Mas o Estado reconhece ter lacunas. "O sistema já está integrado, o que pode
estar acontecendo é as empresas de pequeno consumo não estarem registradas no
Cadastro Técnico Federal, tornando impossível o sistema ler a operação."
E, para evitar o esquentamento de madeira, Rondônia está reduzindo o índice de
rendimento de tora para madeira serrada de 60% para 40%.
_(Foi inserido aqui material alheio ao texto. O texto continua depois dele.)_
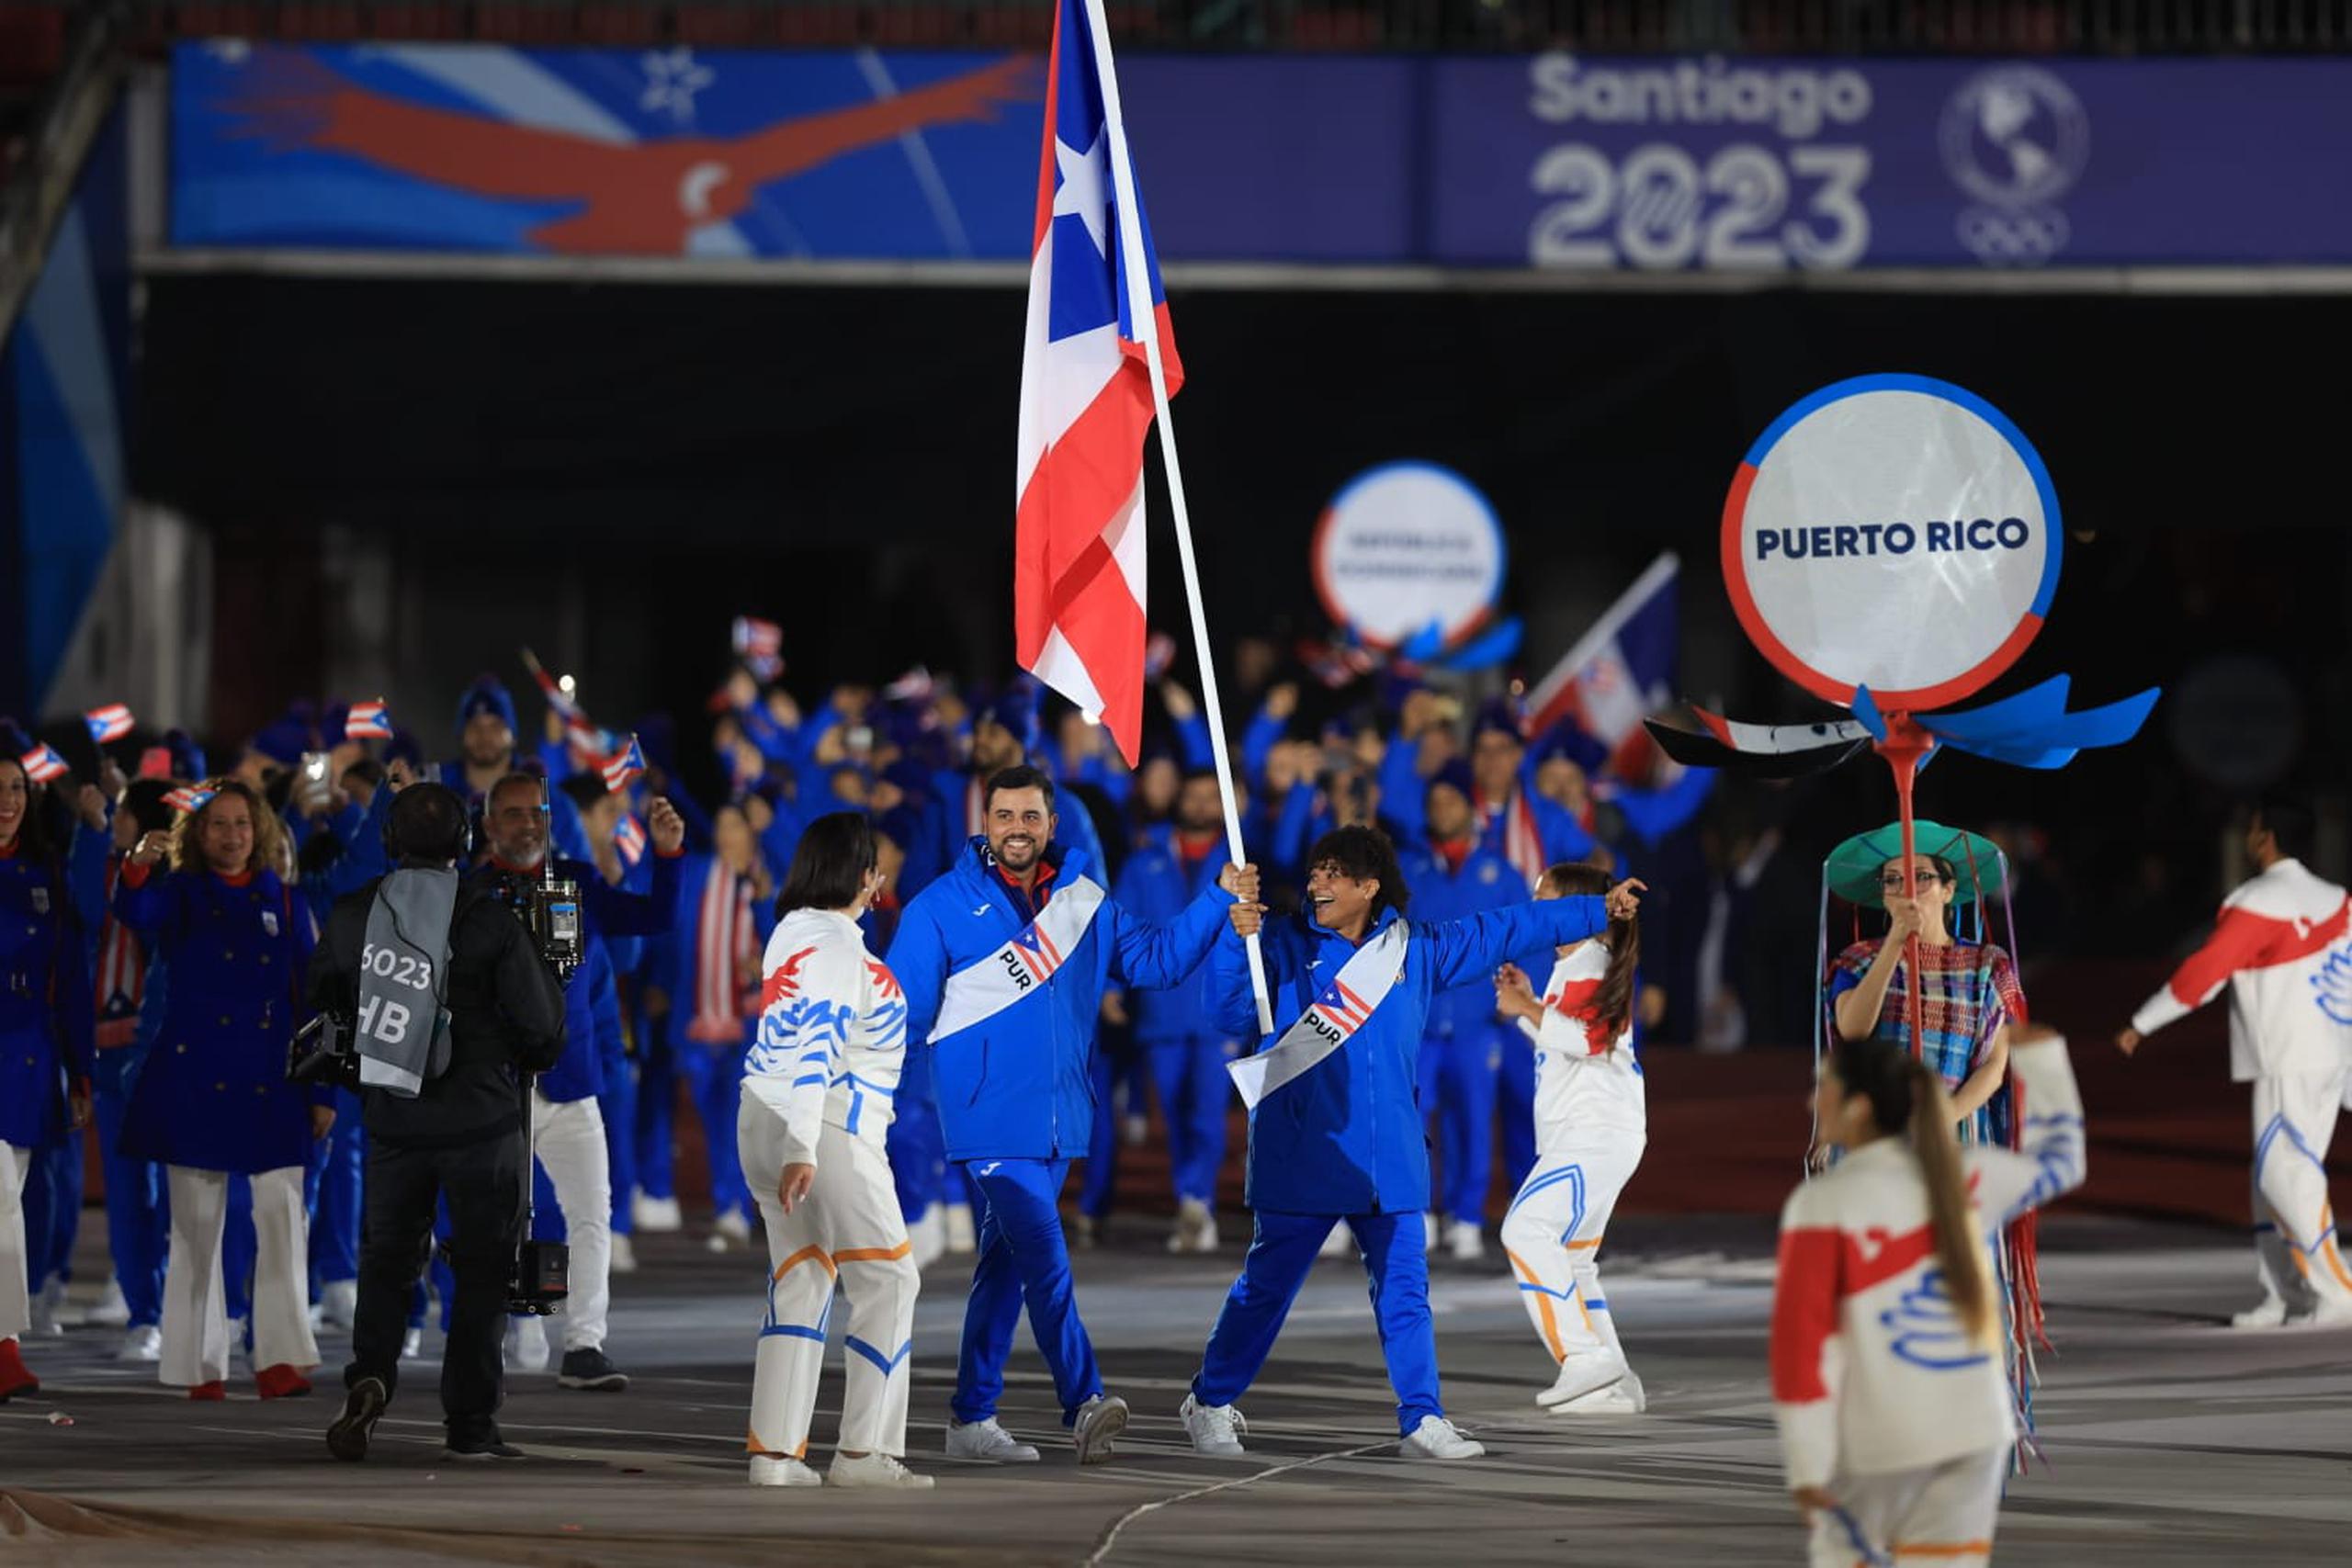 La judoca María Pérez y el arquero Jean Pizarro lideran a la delegación de Puerto Rico durante la ceremonica de inauguración de los Juegos Panamericanos Santiago 2023.

Apreensão de madeira cresce 629,5% em SP
Houve um aumento de 629,5% na apreensão de madeira no Estado de São Paulo entre
2001 e 2008, segundo dados da Polícia Militar Ambiental. A quantidade apreendida
passou de 193 m3 para 1.408 m3.
Os dados dizem respeito à madeira comercial, já manufaturada, que vem da
Amazônia. São Paulo é o principal destino da madeira amazônica (consome 15% do
material processado), mas não é possível saber se o aumento das apreensões se
deve à expansão da ação de madeireiras ilegais.
De acordo com o tenente Leandro Carlos Navarro, porta-voz da Polícia Militar
Ambiental de São Paulo, o crescimento em parte se deve ao aumento das blitze no
Estado.
Segundo ele, outro ponto positivo é a atuação em conjunto com o Instituto
Florestal. Uma das dificuldades dos agentes é identificar os tipos de madeira
transportados --já que muitas vezes a autorização dada é para cortar uma espécie
e, na verdade, o caminhão leva outra.
O suporte não necessariamente precisa ser presencial. Segundo o secretário
estadual Xico Graziano (Meio Ambiente), seis pessoas foram contratadas para
identificar as espécies de madeira via internet, por meio de fotos da polícia.
Queda na conexão
Para o engenheiro florestal Marcelo Marquesini, do Greenpeace, a falta de
integração da gestão florestal é um grave problema no país. Mas não é o único.
"Havia a promessa de instrumentalizar o Ibama para fazer a fiscalização on-line,
o que não aconteceu", afirma.
Segundo ele, os fiscais incumbidos de checar madeira deveriam ter acesso direto
à internet em diversos pontos da Amazônia ou, no mínimo, uma central telefônica
com acesso à internet que funcionasse 24 horas e que poderia informar se a
documentação está regular.
Outra falha é não haver uma rotina sistemática de fiscalização nos pátios das
empresas para verificar quanta madeira existe de fato nesses locais.
Na opinião do próprio Navarro, a gestão florestal eletrônica precisa ser
melhorada. O ideal, afirma, seria ter somente um sistema em vigor em todos os
Estados. "Mas houve um avanço. A ATPF era arcaica. Para ver se o documento era
legal, precisávamos pedir por ofícios e levava mais de uma semana."